EXERCISE GOAL
Which lines of the entries hold the string "ngoài"? Copy each one.

Source data
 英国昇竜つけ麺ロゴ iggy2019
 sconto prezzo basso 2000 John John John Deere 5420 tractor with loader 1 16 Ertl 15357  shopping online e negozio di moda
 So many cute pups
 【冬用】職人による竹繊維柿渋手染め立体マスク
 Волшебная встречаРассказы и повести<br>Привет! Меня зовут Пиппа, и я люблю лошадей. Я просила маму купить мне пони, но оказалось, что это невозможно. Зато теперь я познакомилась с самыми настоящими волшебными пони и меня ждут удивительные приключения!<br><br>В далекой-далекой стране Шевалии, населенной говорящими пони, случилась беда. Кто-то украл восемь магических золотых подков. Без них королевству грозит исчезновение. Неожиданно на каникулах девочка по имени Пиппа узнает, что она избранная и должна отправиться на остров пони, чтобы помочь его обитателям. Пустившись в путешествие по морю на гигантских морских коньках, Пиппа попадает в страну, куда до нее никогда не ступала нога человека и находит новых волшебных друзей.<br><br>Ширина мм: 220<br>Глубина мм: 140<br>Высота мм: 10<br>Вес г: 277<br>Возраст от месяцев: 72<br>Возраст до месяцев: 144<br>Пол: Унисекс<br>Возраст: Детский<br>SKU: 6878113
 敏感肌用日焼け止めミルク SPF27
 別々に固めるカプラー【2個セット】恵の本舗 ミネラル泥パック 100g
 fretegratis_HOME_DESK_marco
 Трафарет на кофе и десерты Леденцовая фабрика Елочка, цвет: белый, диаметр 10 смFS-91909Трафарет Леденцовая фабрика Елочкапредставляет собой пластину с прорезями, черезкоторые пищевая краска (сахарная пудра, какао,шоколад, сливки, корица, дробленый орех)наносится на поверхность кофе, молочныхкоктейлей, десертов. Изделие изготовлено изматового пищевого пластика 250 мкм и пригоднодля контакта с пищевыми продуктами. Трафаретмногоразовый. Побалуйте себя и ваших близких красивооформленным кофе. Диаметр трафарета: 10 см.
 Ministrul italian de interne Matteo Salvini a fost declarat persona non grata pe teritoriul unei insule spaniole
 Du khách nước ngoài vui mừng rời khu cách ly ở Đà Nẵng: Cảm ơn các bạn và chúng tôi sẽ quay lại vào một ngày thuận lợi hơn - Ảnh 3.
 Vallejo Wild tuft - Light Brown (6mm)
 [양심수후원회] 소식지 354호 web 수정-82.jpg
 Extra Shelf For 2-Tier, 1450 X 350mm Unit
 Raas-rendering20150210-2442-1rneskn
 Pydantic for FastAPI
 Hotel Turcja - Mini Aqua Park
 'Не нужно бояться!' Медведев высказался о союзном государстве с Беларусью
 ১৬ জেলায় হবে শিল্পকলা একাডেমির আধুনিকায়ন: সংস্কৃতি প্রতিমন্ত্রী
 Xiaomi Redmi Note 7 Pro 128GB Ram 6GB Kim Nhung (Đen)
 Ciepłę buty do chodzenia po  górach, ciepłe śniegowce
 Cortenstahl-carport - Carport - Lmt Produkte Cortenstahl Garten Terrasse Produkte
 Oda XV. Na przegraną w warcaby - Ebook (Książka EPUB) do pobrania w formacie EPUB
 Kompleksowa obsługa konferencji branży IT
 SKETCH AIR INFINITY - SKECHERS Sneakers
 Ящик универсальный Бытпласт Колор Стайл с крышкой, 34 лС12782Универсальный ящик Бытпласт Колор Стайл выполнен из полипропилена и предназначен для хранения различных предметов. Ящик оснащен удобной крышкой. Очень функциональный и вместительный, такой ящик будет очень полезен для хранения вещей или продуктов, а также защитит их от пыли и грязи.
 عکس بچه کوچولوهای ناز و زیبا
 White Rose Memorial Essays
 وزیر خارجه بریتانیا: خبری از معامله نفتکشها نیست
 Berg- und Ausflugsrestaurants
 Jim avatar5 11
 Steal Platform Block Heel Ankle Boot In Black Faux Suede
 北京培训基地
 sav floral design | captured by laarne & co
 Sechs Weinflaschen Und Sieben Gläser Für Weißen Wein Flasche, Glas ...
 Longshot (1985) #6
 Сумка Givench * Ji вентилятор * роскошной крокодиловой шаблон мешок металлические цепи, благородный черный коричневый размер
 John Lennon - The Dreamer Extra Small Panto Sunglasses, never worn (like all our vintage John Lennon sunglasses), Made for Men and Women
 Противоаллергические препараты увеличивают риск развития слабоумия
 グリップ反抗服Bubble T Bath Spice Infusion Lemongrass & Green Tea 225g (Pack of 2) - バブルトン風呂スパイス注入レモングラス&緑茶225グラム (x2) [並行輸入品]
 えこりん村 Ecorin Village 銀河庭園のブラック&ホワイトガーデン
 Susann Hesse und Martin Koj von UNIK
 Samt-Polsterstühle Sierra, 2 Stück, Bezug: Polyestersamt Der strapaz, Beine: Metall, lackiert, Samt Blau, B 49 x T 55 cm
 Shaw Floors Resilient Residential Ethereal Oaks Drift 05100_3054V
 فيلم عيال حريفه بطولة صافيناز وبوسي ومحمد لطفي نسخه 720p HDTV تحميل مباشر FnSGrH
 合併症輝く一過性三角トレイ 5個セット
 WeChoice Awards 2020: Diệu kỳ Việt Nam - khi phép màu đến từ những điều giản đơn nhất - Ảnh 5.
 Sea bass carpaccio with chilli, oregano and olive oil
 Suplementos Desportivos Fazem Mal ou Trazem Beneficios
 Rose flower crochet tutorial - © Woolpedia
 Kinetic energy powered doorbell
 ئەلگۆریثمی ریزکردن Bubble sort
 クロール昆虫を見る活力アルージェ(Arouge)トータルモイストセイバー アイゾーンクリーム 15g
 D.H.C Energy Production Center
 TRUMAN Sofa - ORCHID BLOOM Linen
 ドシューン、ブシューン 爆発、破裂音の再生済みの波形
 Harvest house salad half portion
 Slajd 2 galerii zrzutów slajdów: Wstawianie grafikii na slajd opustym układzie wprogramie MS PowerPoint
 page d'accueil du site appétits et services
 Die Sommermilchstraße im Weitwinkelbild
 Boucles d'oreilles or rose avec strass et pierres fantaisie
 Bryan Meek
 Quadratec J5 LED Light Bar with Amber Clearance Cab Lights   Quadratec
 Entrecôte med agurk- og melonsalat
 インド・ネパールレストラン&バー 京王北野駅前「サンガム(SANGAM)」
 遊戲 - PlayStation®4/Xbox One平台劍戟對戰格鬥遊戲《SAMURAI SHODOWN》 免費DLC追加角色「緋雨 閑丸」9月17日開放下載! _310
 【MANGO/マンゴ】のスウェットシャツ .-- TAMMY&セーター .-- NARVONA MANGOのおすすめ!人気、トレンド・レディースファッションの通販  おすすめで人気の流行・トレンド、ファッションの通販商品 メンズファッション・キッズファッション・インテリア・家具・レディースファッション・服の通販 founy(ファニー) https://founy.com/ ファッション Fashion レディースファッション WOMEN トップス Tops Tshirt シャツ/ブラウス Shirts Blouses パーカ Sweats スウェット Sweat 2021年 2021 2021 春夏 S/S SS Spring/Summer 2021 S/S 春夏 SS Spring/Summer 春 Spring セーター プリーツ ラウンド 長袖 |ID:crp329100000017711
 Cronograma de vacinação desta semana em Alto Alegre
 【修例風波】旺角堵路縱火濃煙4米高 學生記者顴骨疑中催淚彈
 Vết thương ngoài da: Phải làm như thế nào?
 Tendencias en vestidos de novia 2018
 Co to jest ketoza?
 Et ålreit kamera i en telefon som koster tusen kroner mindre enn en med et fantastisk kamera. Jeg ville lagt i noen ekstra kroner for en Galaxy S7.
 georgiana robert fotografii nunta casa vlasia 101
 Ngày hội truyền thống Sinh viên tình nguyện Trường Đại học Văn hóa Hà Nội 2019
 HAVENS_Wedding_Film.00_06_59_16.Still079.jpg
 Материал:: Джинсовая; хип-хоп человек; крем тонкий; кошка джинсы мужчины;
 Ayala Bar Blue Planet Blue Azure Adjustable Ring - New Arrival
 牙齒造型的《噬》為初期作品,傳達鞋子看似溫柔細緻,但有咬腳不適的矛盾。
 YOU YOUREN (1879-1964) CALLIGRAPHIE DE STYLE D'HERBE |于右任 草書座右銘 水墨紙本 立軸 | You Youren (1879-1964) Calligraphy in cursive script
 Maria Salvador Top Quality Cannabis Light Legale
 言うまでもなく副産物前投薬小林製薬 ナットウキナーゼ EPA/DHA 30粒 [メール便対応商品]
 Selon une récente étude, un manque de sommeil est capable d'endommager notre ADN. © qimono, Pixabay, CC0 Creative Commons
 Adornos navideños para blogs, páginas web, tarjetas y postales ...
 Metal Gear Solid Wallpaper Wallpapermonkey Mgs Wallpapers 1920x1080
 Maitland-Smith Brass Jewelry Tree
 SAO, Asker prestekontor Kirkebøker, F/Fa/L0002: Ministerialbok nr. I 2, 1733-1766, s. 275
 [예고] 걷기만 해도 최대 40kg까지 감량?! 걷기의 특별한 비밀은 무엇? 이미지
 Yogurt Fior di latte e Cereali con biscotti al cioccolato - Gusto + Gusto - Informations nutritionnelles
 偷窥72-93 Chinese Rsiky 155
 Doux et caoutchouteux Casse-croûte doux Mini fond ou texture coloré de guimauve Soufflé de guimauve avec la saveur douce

ANSWER BOX
 Du khách nước ngoài vui mừng rời khu cách ly ở Đà Nẵng: Cảm ơn các bạn và chúng tôi sẽ quay lại vào một ngày thuận lợi hơn - Ảnh 3.
 Vết thương ngoài da: Phải làm như thế nào?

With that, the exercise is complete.